The Kansas City Blues were a minor-league hockey team based in Kansas City, Missouri that played in the Central Hockey League (CHL) from 1967 to 1972, and again in the 1976–77 season, mainly as an affiliate of the in-state St. Louis Blues of the National Hockey League (NHL).

The 1967 Blues were owned by Missouri Lieutenant Governor (1968-1972) William S. Morris, and represented the return of hockey to Kansas City for the first time in nearly 20 years. Morris was determined to bring an NHL team to Kansas City and tried to lay the groundwork by convincing his friend Sid Soloman, owner of the St. Louis Blues, to create a farm team in Kansas City. The Blues made history on February 21, 1971, when Blues goalie Michel Plasse became the first goaltender to score a goal in a professional hockey game, scoring against the Oklahoma City Blazers.

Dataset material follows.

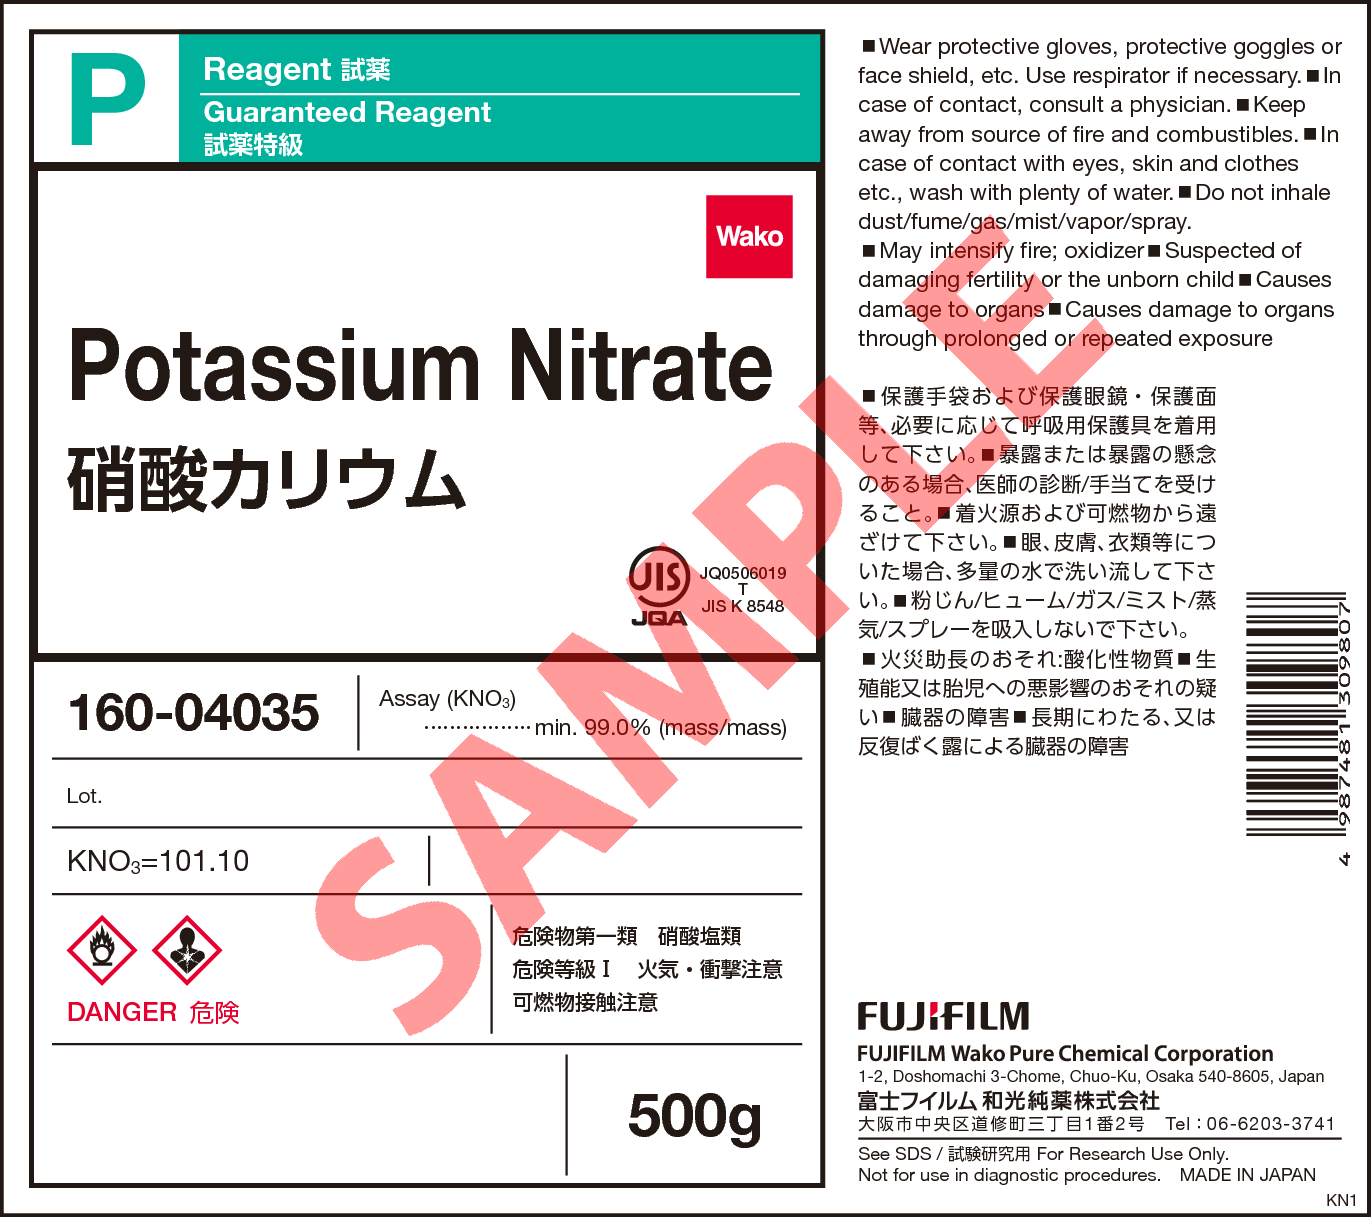 7757-79-1・硝酸カリウム・Potassium Nitrate・166-04037・166-04032 ...
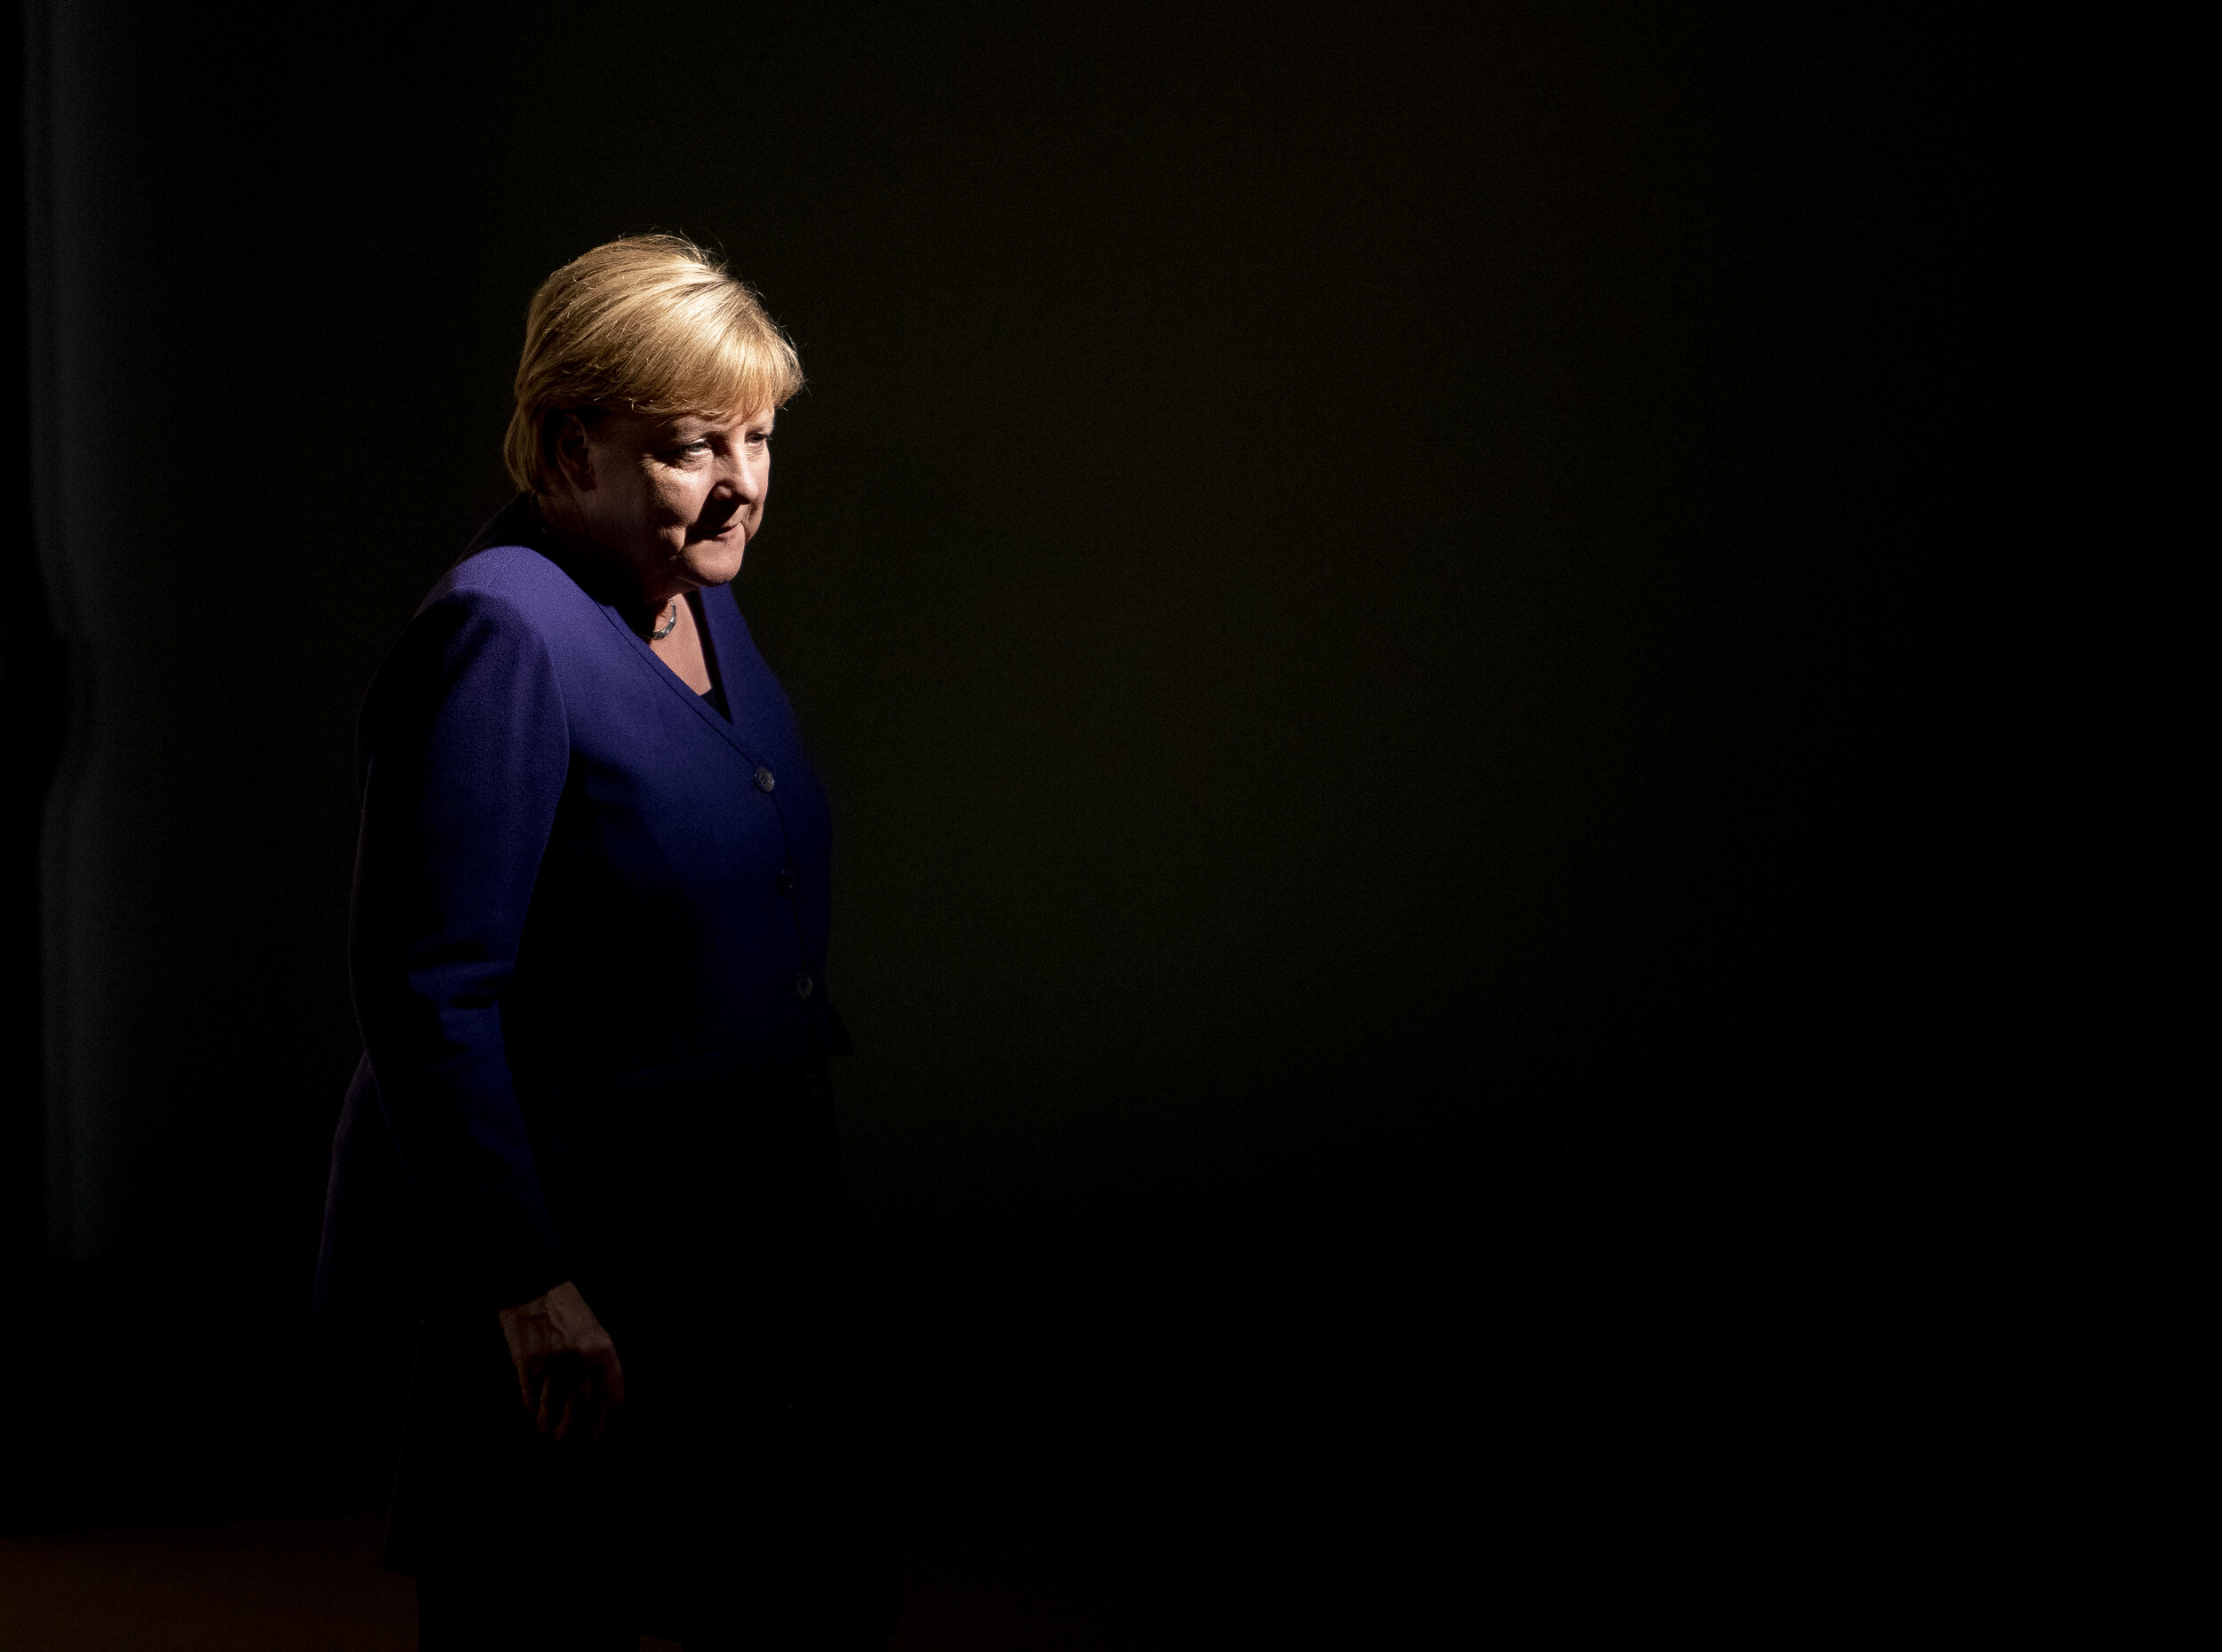  Bundeskanzlerin Angela Merkel wird auf Jahrestagung des Markenverbandes von einem Scheinwerfer angestrahlt.

This goal was witnessed by few as a snow storm was moving through the Kansas City area causing even Morris to leave the arena early.

The first incarnation of the Kansas City Blues played their home games at the American Royal Building, while the second incarnation played their home games at Kemper Arena, once the NHL's Kansas City Scouts moved to Denver and became the Colorado Rockies.